Но довольно этих гнусностей, читатель. Я не затем вспомнил письмо г. Павлова-Сильванского, чтобы поиграть на ваших нервах картинами ужаса. Как ни ужасны эти картины сами по себе, но в этой истории есть сторона, которая в настоящую минуту для нас интереснее. Дело в том, что г. Павлов-Сильванский, облеченный властью прокурора, снабженный первоначально даже особыми полномочиями от министра, оказался совершенно бессильным сделать то, что должен был и хотел сделать. Этого мало. Обвиняемый смотритель, хотя и был удален от должности, но имел еще возможность влиять на ход следствия и в конце концов поступил управляющим в имение губернатора. Прокурор же, испытав целый ряд интриг, угроз, сплетен, подвергся полицейскому обыску без соблюдения указываемых на этот случай законом форм и затем уволен от должности «согласно прошению», которого, прибавляет г. Павлов-Сильванский, «я никому и никогда не подавал». «Что все это значит? С этим вопросом я поспешил в 1875 году в Петербург, но и до сих пор не нахожу на него ответа». Так заканчивает свой рассказ г. Павлов-Сильванский. Нашел ли он какой-нибудь ответ впоследствии, не известно. Но известно, что No «Русского обозрения», в котором было помещено его письмо, просуществовав дня два-три, был вслед за тем изъят из продажи и отбирался у торгующих газетами. Эпилог, достойный всей этой истории, столь типичной для только что пережитого нами прошлого. Повторяю, в этой типичности все дело, и ради нее только, просто как безобидный образчик я и припомнил письмо г. Павлова-Сильванского.
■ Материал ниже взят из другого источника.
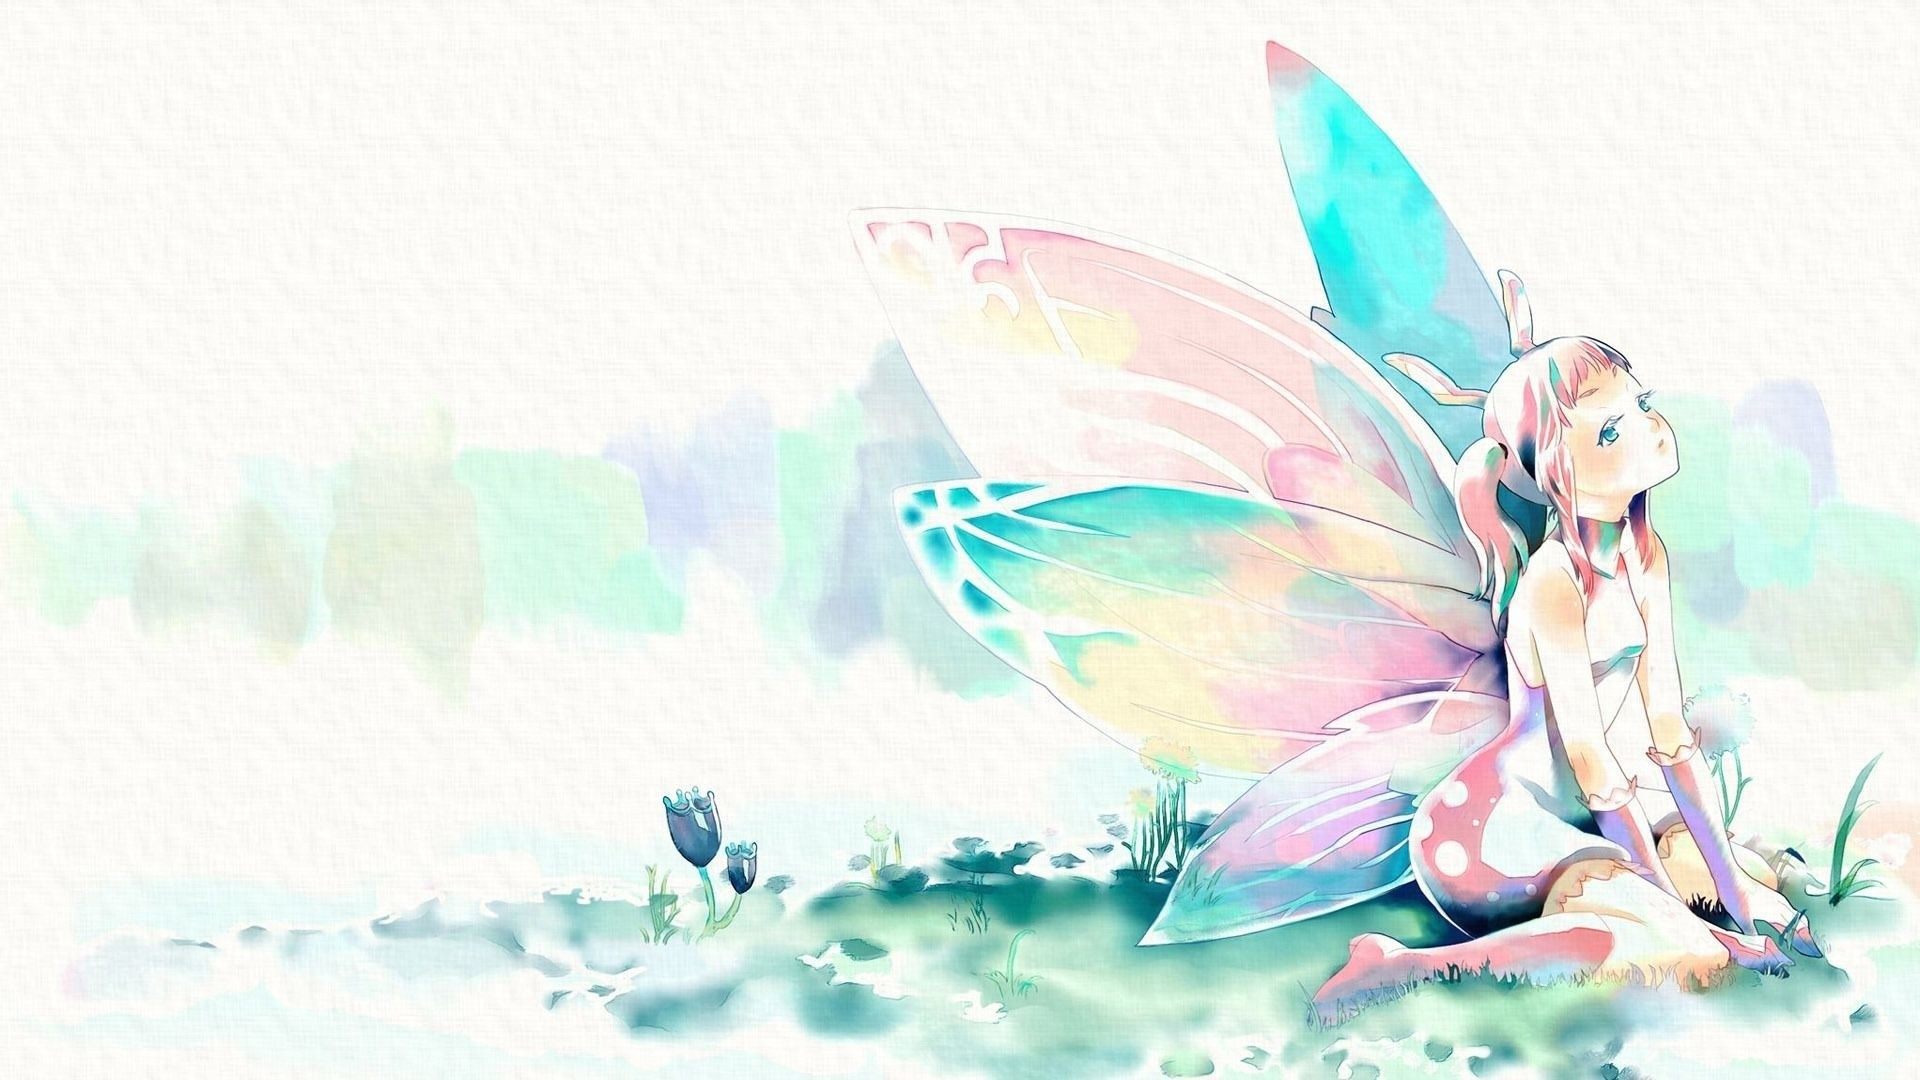 Fairy wallpaper photo hd

Прокурор, «Царево око», оказался в невозможности исполнить свою прямую обязанность и, перепробовав все средства до печатного опубликования включительно, должен признать себя разбитым компактною кучкою местных администраторов и влиятельных землевладельцев, у которых рука руку моет. И после этого лицемеры или люди с веревочными нервами (одно из двух непременно) говорят нам, что дело не в учреждениях, не во внешних вещах, а «в себе»! Идите, фарисеи, с этою проповедью туда, к этим смотрителям и прочим, кто пытает и мучит людей! Там вас встретят, конечно, без «либерального хихиканья» и без «европейничания», а либо с чисто русским, национальным «так и так», либо, напротив, с распростертыми объятиями и другими признаками сочувствия. А если бы вы вздумали обратиться с этою проповедью хоть к тому же г. Павлову-Сильванскому и приглашать его «искать себя в себе» или как там это говорится на вашем елейном жаргоне, то он, достаточно измученный фактами, чтобы еще терзаться елейными речами, ответит вам, я думаю, презрением. И я по совести должен сказать, что такой ответ едва ли вами не заслужен. А впрочем, allez toujours![4]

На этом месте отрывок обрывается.